Before reading on, I recommend that you have a basic understanding of what a DNN is and how it fundamentally works.
According to survey [Gümüşbaş], there are three types of IDS algorithms, each with their own strengths and weakness:
- Rule-based: “use prior knowledge of attacks, such as the corresponding data distributions, to create a rule system and perform detection.”
- Statistics-based: “detect anomalies by building a statistical distribution of intrusion patterns.”
- Machine Learning-based: “learning algorithms are adopted to train classifiers that can distinguish among different types of attacks.”
Rule-based implementations are fast and efficient (good for volume and velocity), but struggles with emerging/0-day threats (bad for variety). To solve this limitation, statistics-based implementations are introduced to enable the detection of unknown threats, but as you can imagine, is a computationally complex process (bad for volume and velocity).

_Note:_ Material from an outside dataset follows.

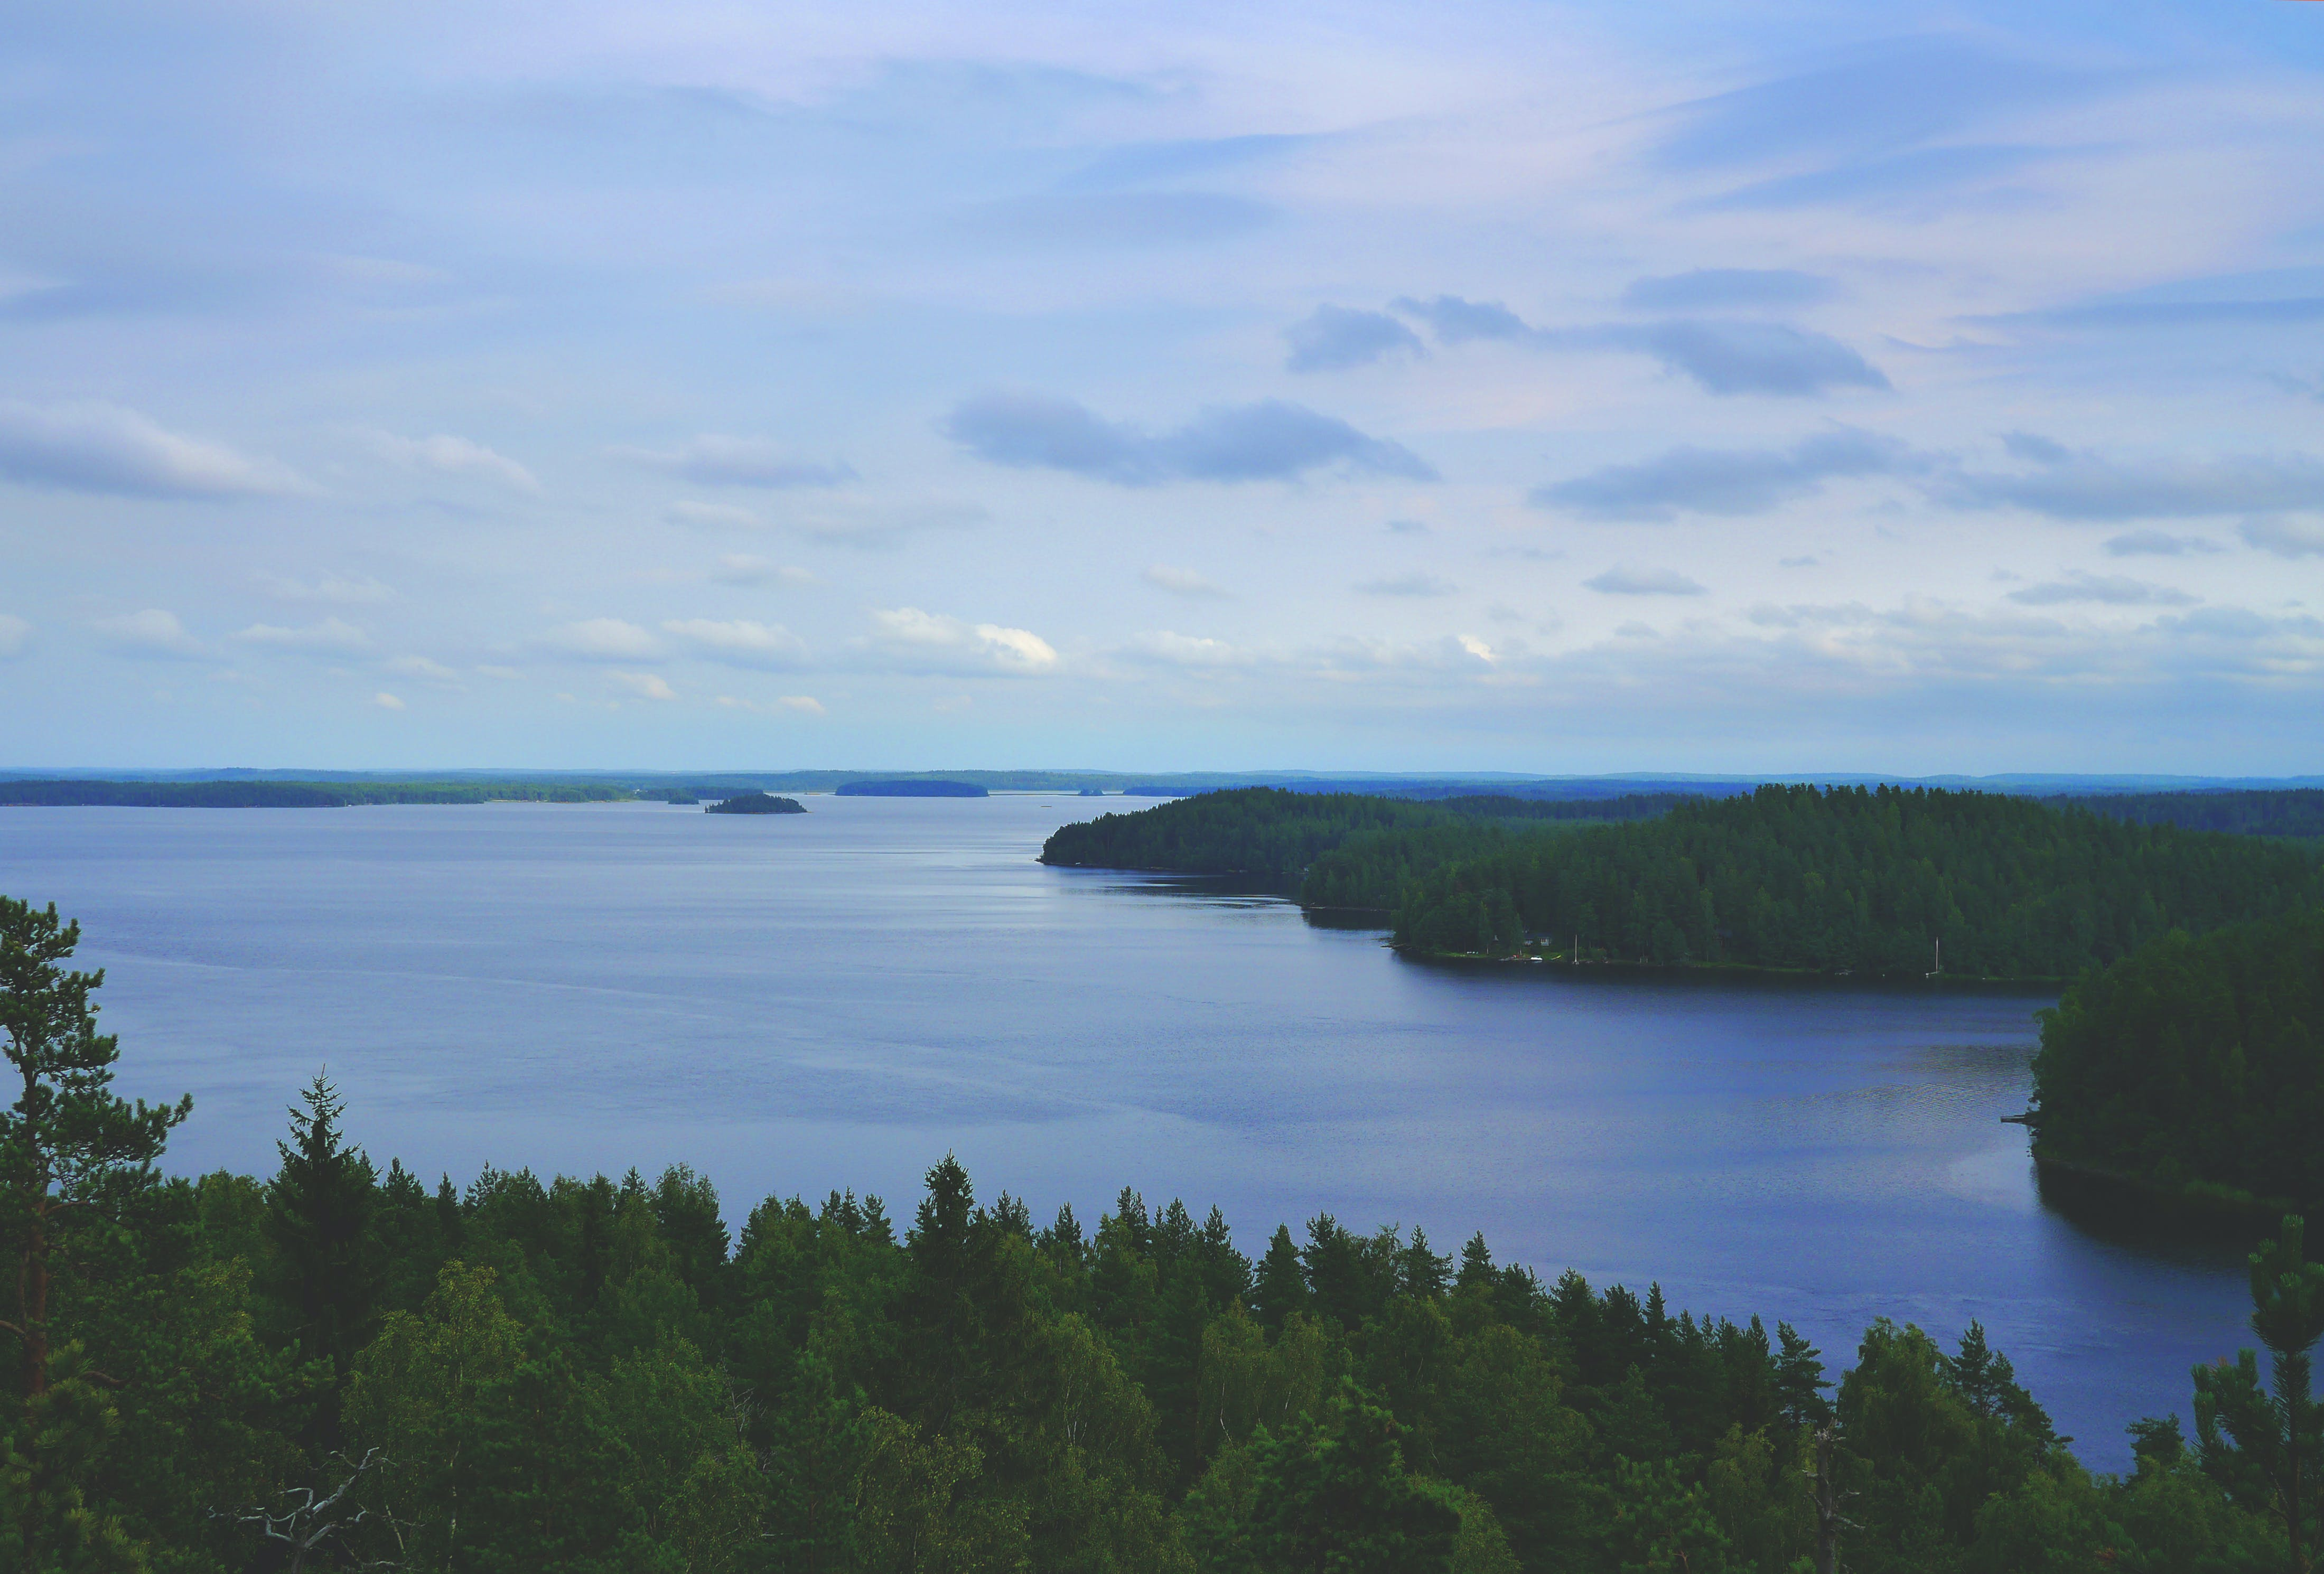 Fotos de stock gratuitas de agua, arboles, bosque, cielo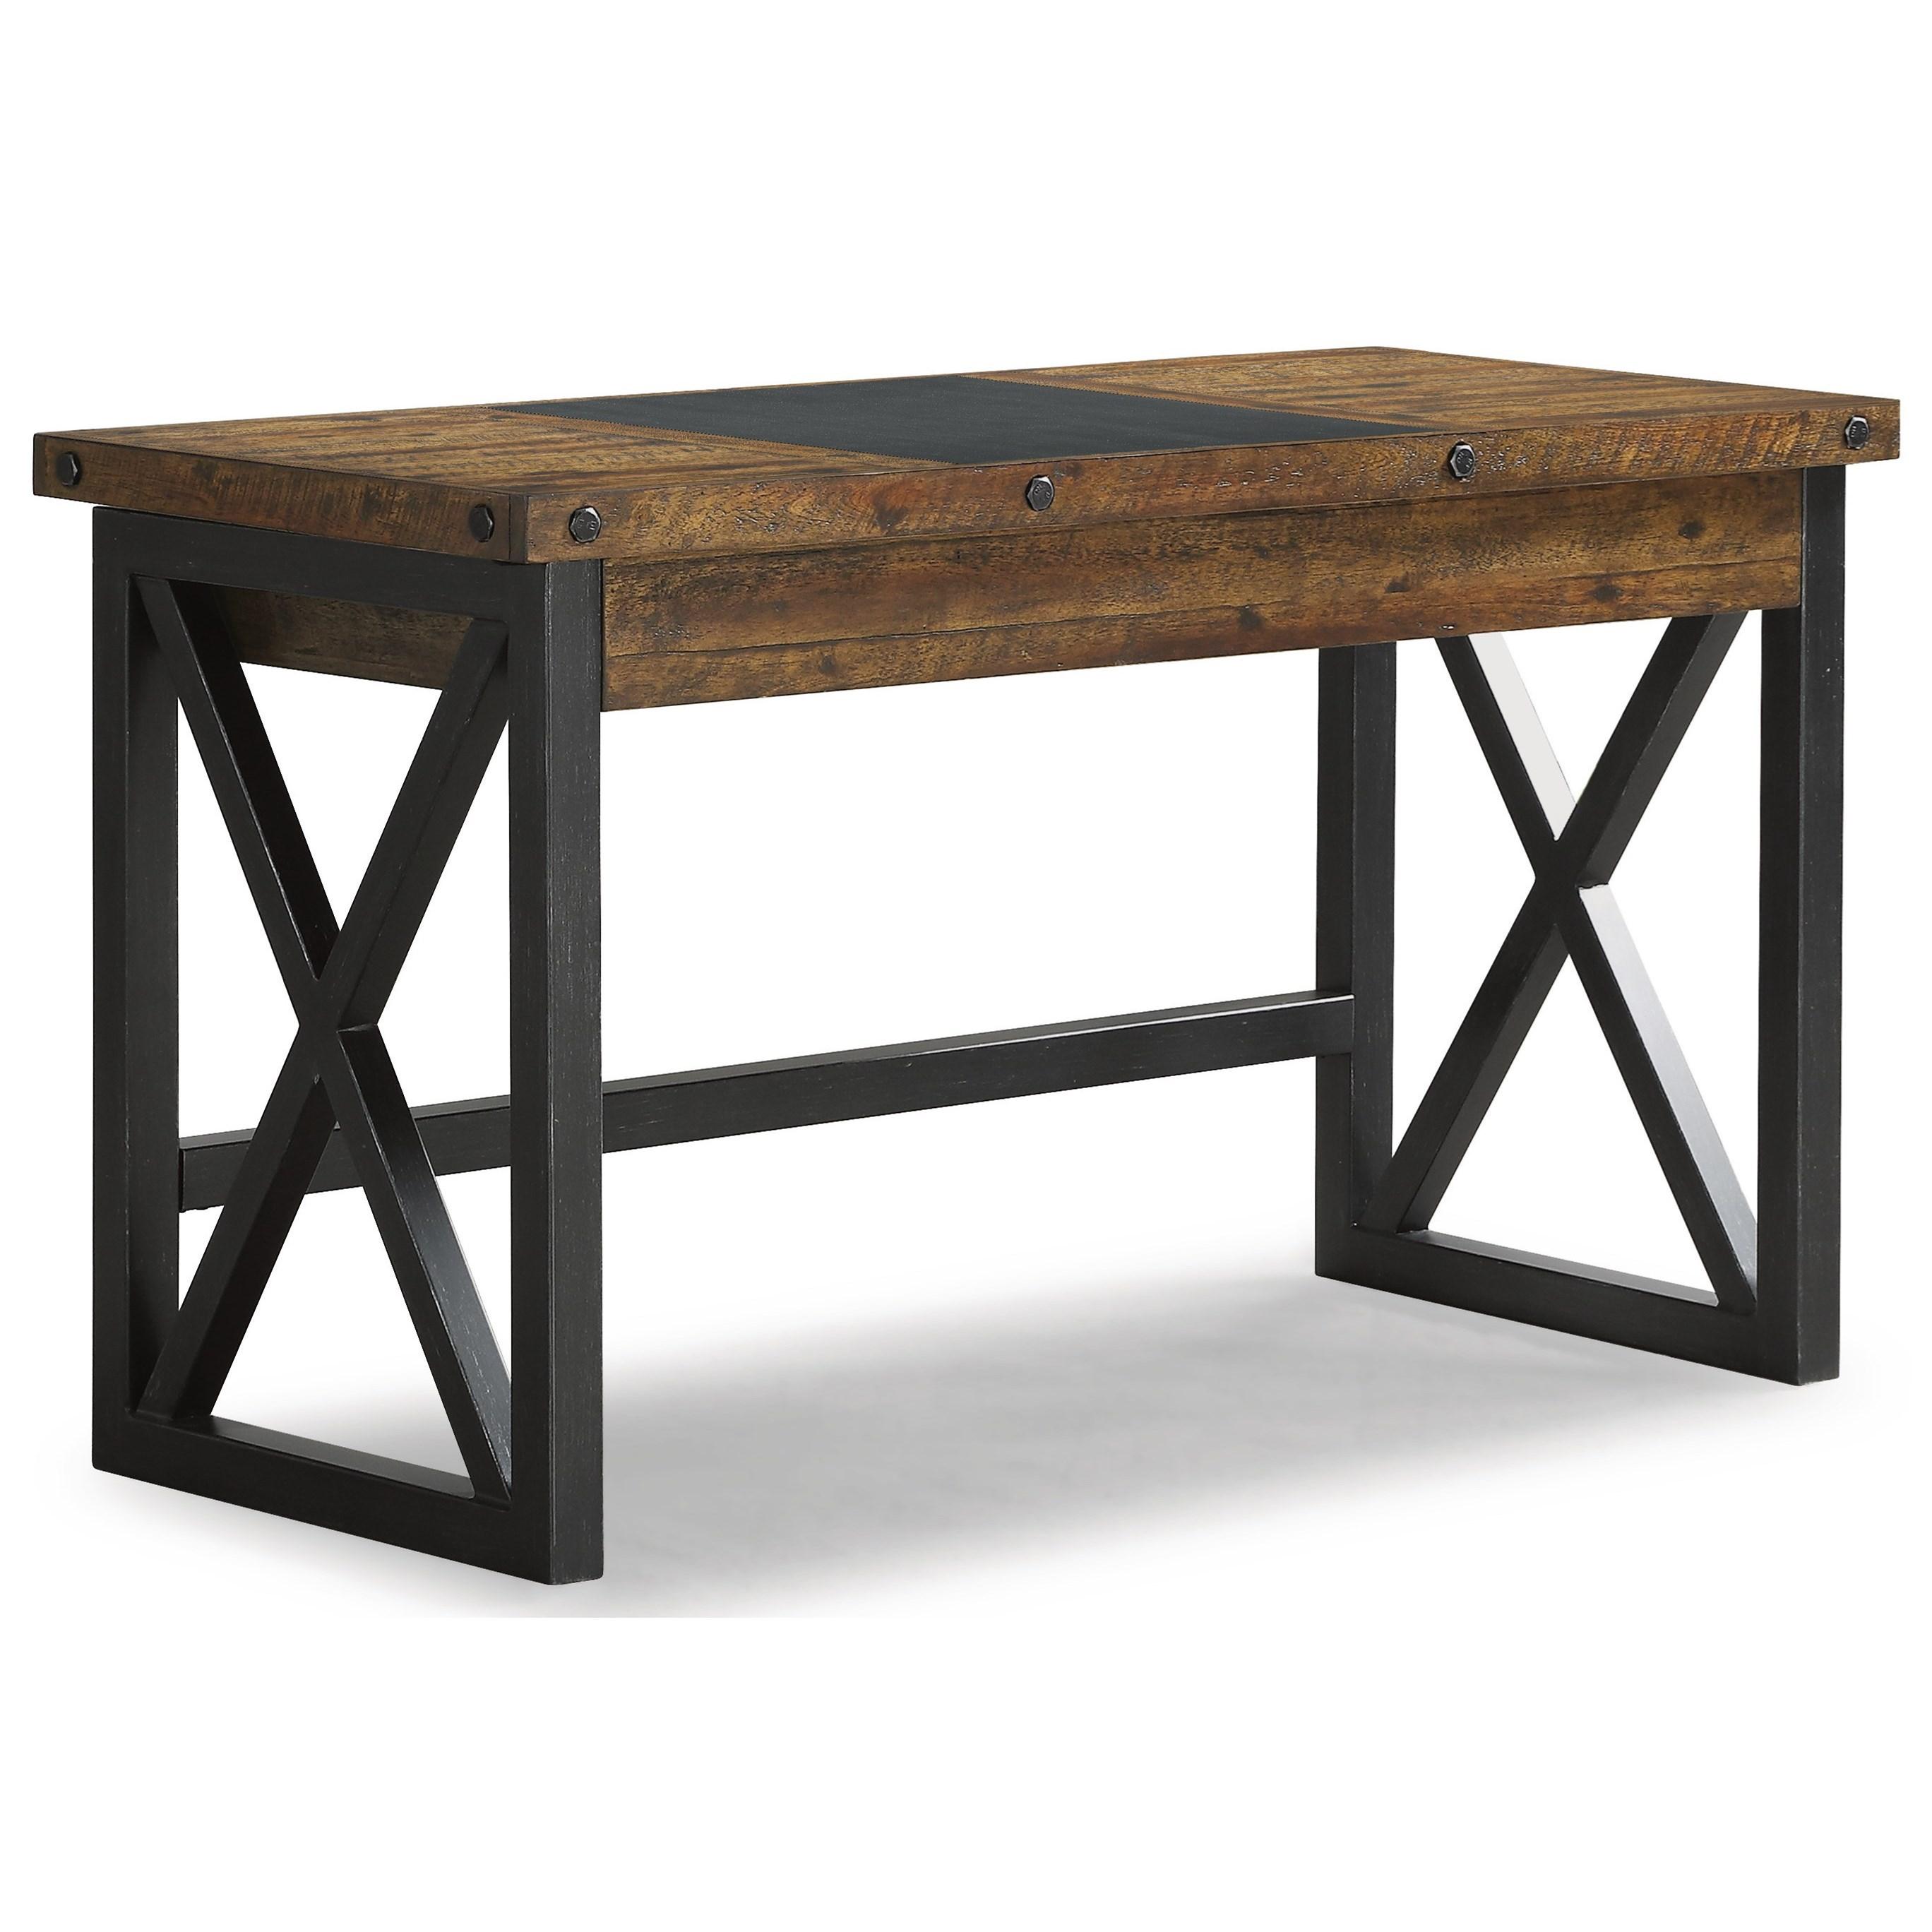 Hammermill Lift-Top Desk by Flexsteel at Crowley Furniture & Mattress

For the remainder of this article, I will discuss machine learning-based implementations, specifically three flavors of DNN which are fast, efficient, and most importantly, adaptive:
- Convolutional neural network (CNN)
- Long-short term memory (LSTM)
- Generative adversarial network (GAN)
CNN is predominantly used in image based classifications. It uses a sequence of layers to “convolve” multidimensional data (see Figure 2). The way I look at CNN is the same way I look at origami, that is, take a flat image and methodically fold that image into a correlated shape. Researchers have developed techniques in transforming network-system telemetry into 2-D, greyscale images which, when fed into a CNN, have demonstrated usefulness for classifying various attack types. It must be noted that CNN is not able to process time-series data.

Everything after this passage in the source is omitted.